Your answer must be an exact transcription of the data, with every picture omitted.

PROVIDED DATA —
──────

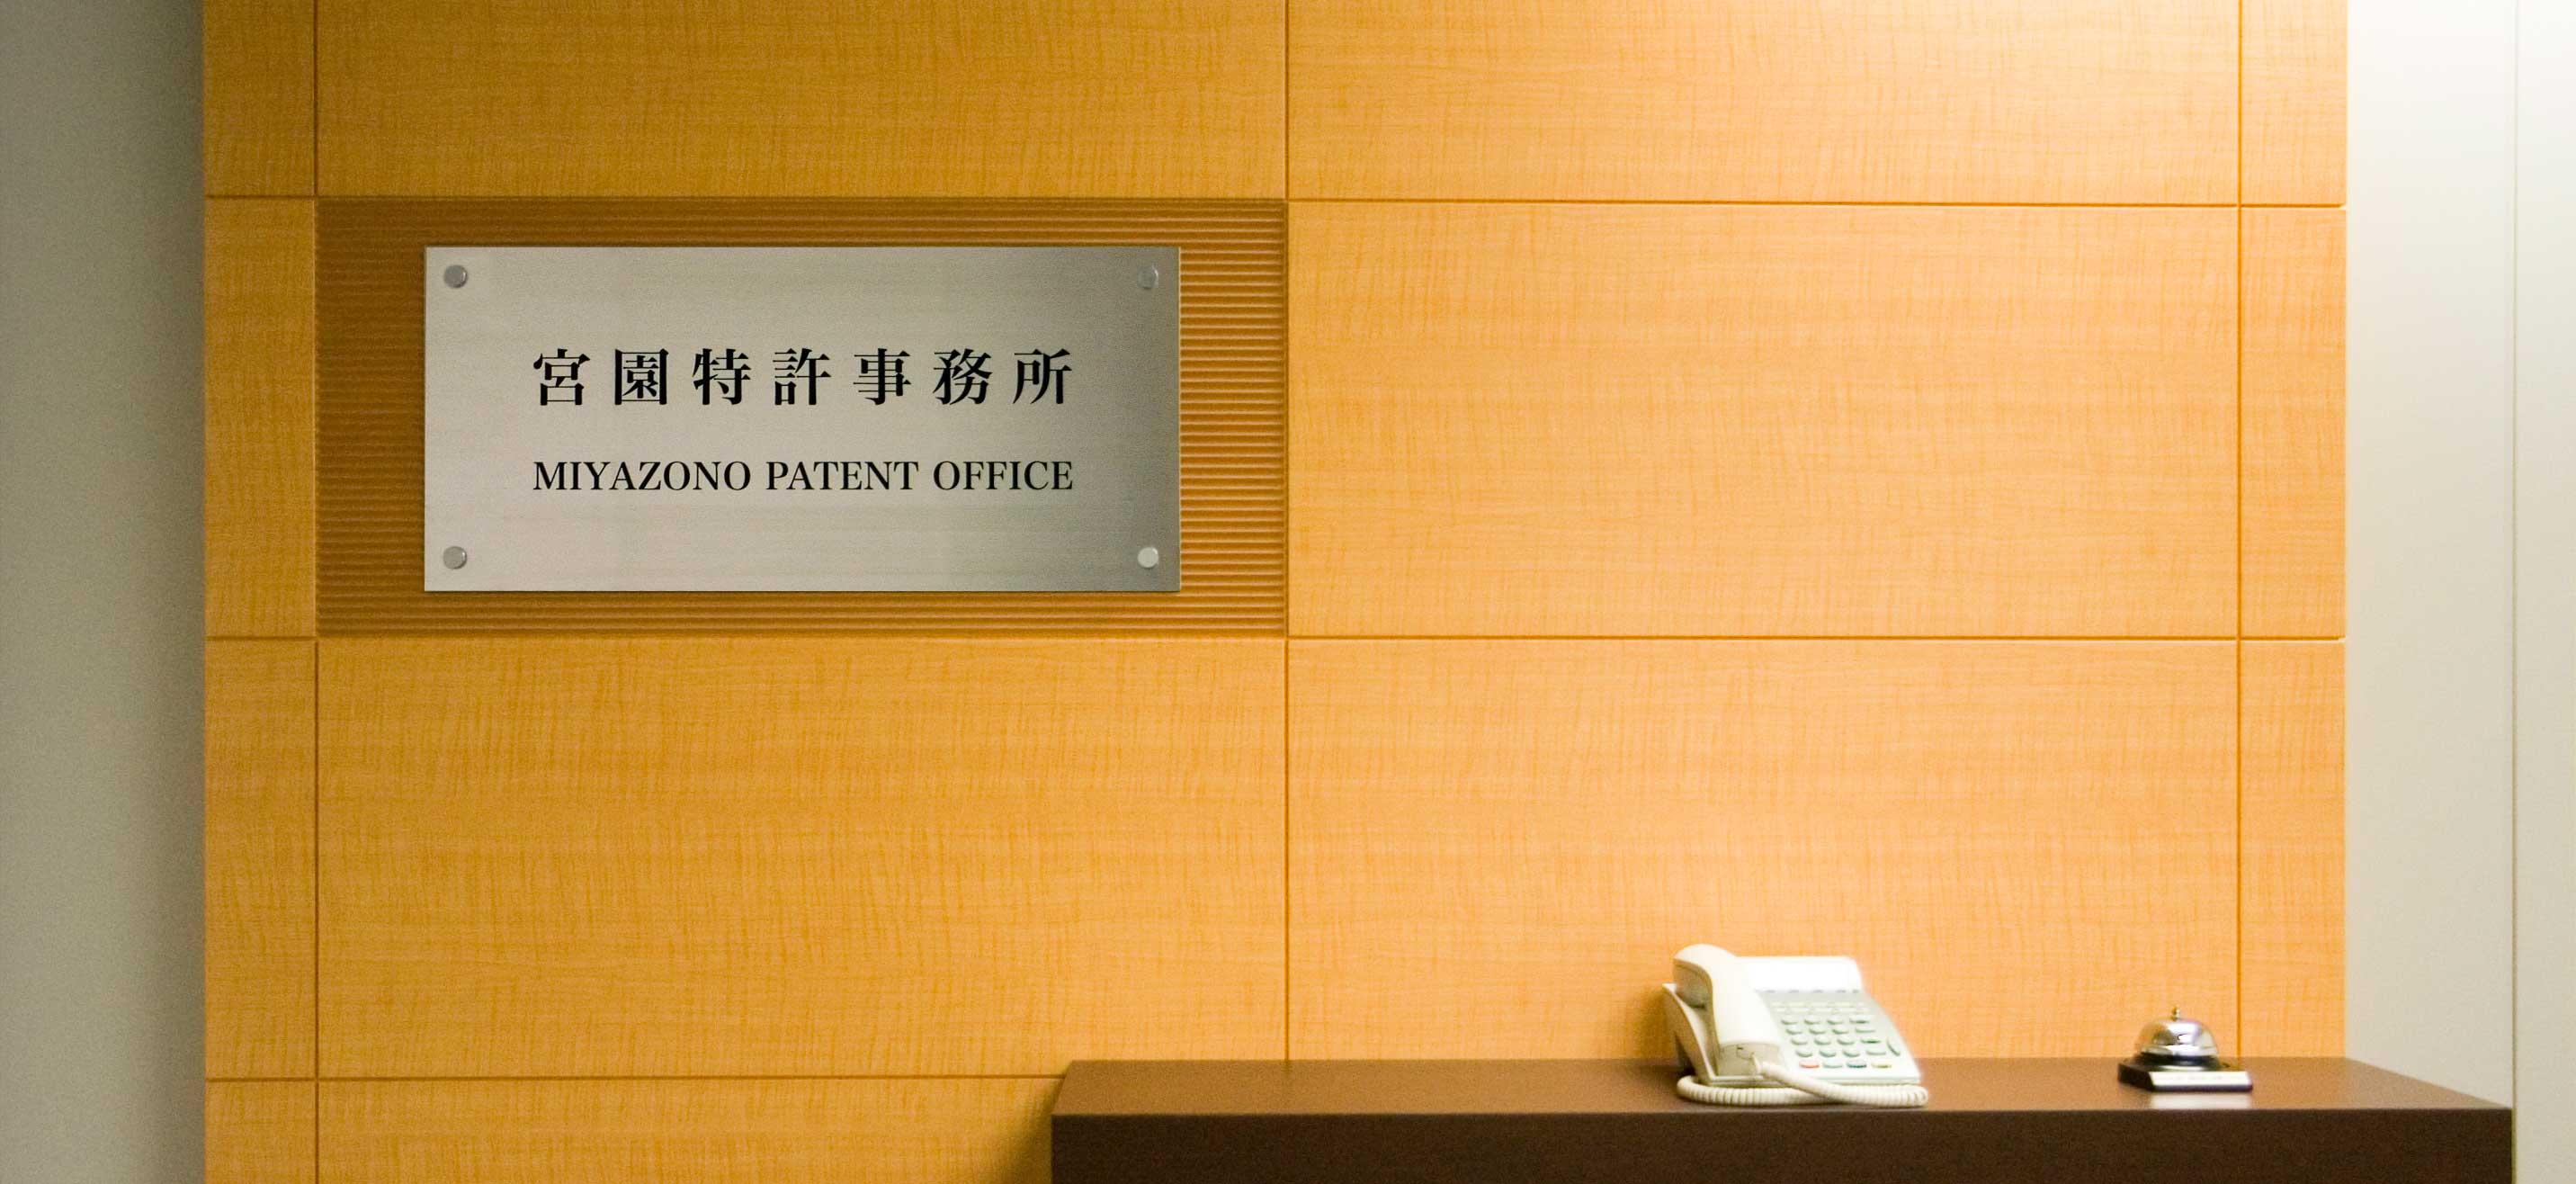 【大阪市淀川区】 宮園特許事務所 ◆大手クライアントを中心に確かな信頼◆ のイメージ
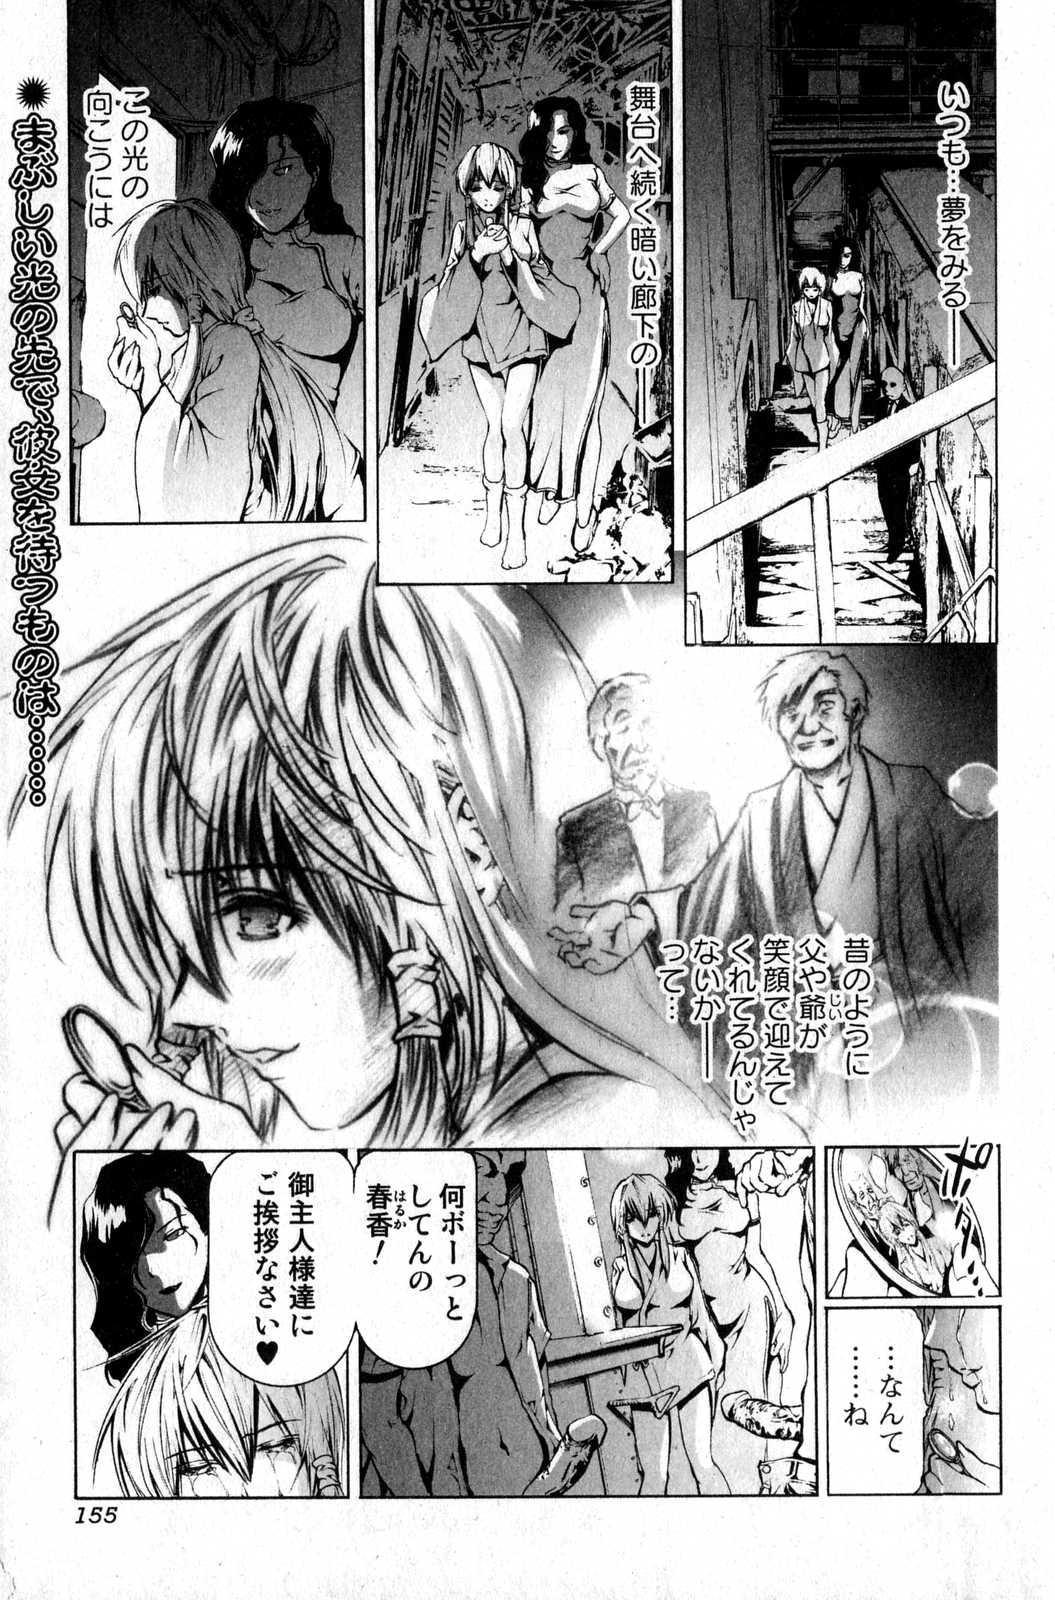 Bishoujo Teki Kaikatsu Ryoku 2007 Vol.15 154
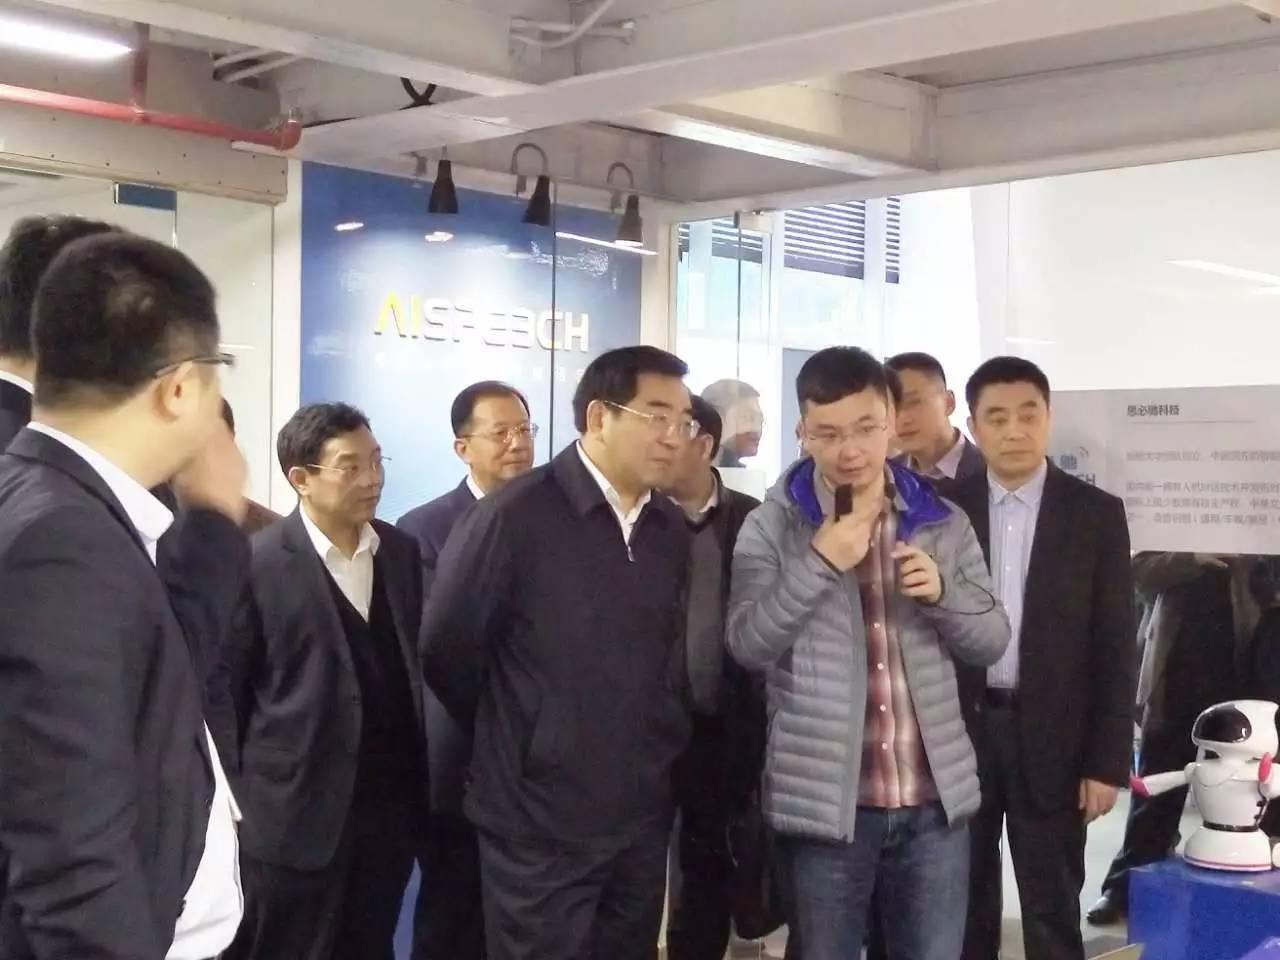 连维良造访思必驰,表示了政府对中国高新科技企业技术创新的支持

──────

RESPONSE TO THIS EXERCISE —
 【大阪市淀川区】 宮園特許事務所 ◆大手クライアントを中心に確かな信頼◆ のイメージ
 Bishoujo Teki Kaikatsu Ryoku 2007 Vol.15 154
 连维良造访思必驰,表示了政府对中国高新科技企业技术创新的支持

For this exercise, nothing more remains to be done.